• [ACTIVITY] For the records below, output word for word the lines from the one with "Wine-growing Saint-Saphorin, old" up to and including the one with "Two girls are". No pictures.

• [DATA TO EXAMINE]
======

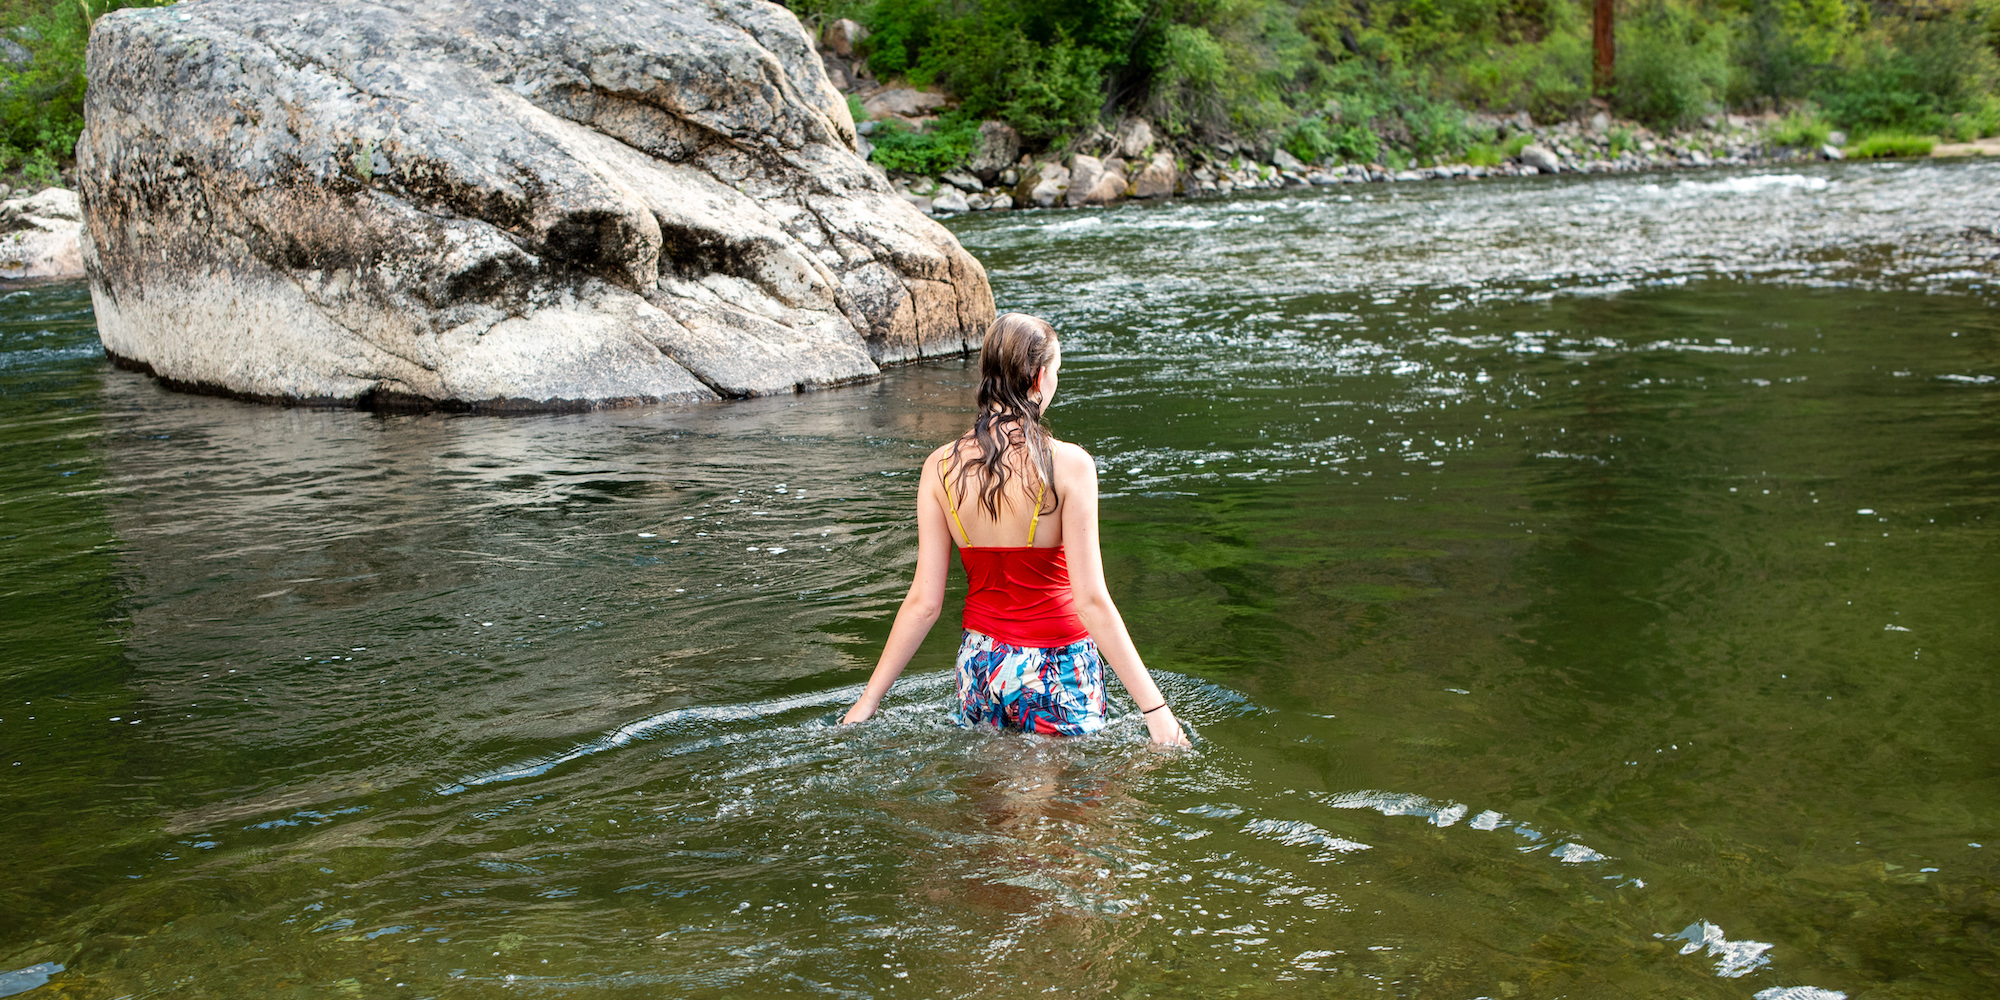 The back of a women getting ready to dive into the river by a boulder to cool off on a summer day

======

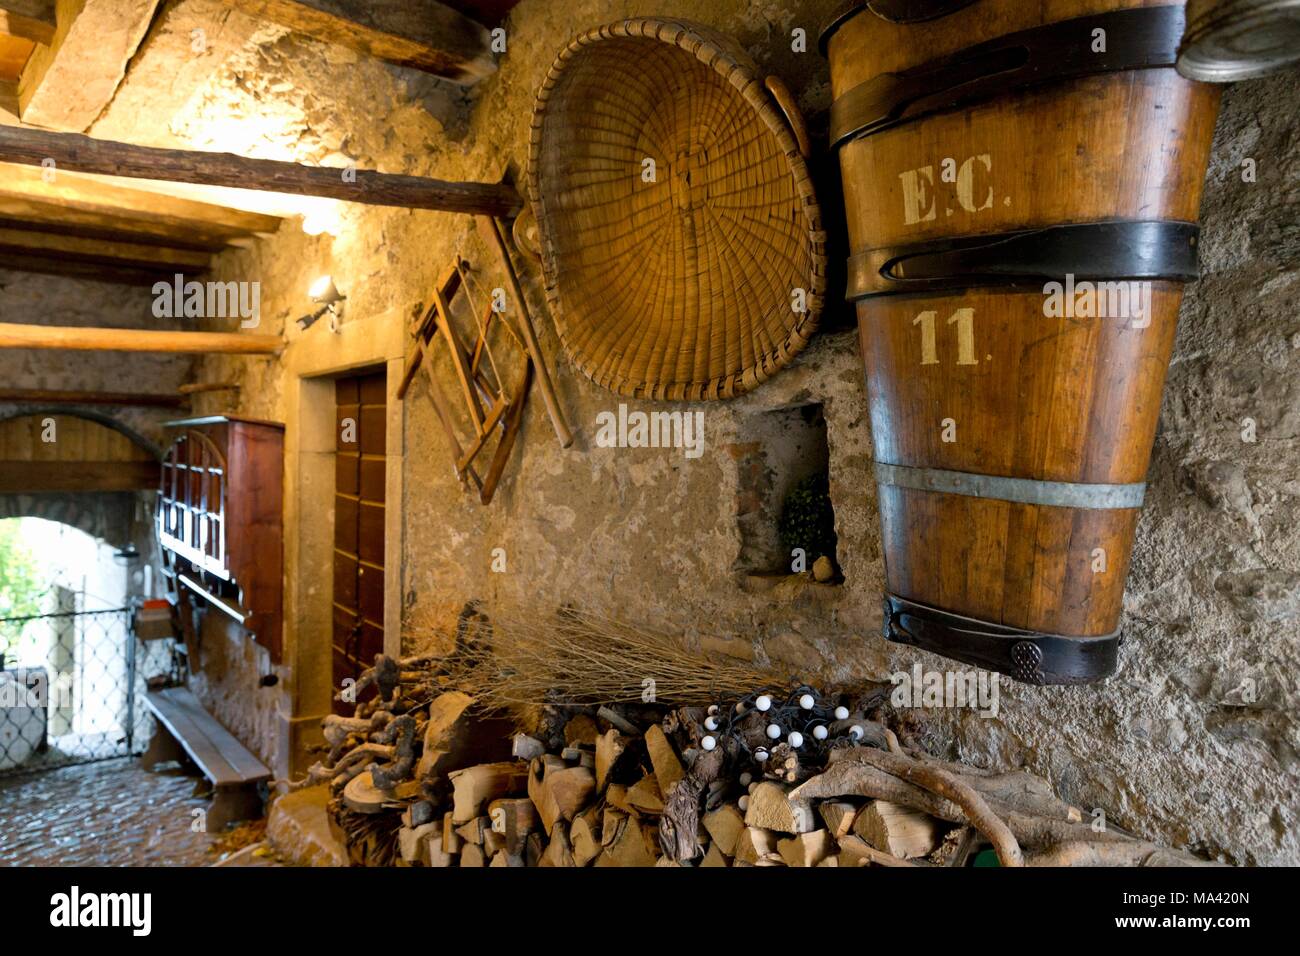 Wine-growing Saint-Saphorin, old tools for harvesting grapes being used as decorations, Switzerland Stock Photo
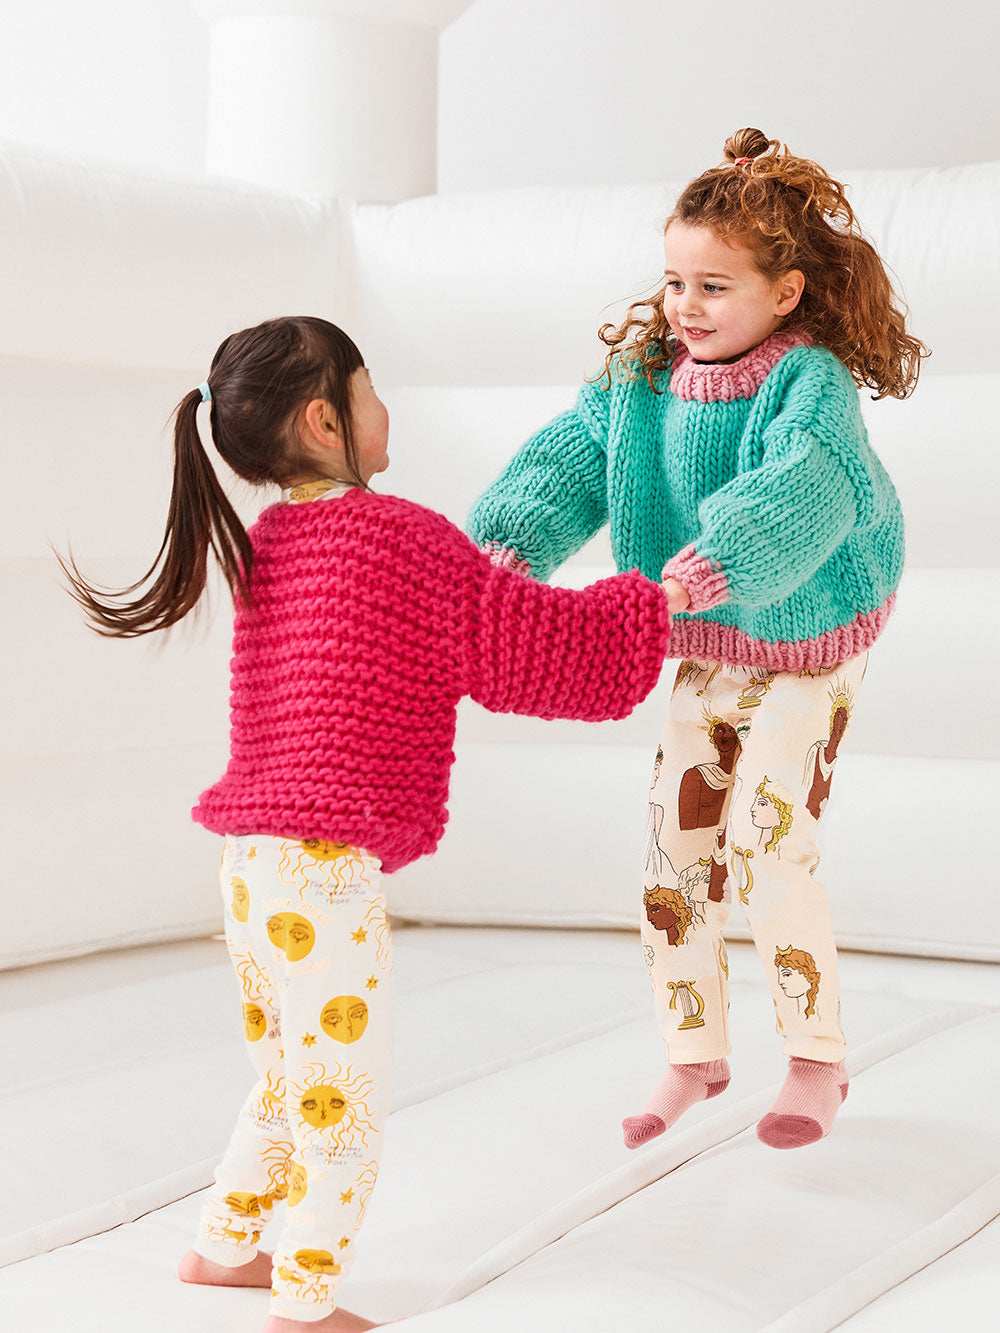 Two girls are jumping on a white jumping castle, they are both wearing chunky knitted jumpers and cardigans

======

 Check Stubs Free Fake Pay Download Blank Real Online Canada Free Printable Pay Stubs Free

======

• [SOLUTION FOR THIS TASK]
 Wine-growing Saint-Saphorin, old tools for harvesting grapes being used as decorations, Switzerland Stock Photo
 Two girls are jumping on a white jumping castle, they are both wearing chunky knitted jumpers and cardigans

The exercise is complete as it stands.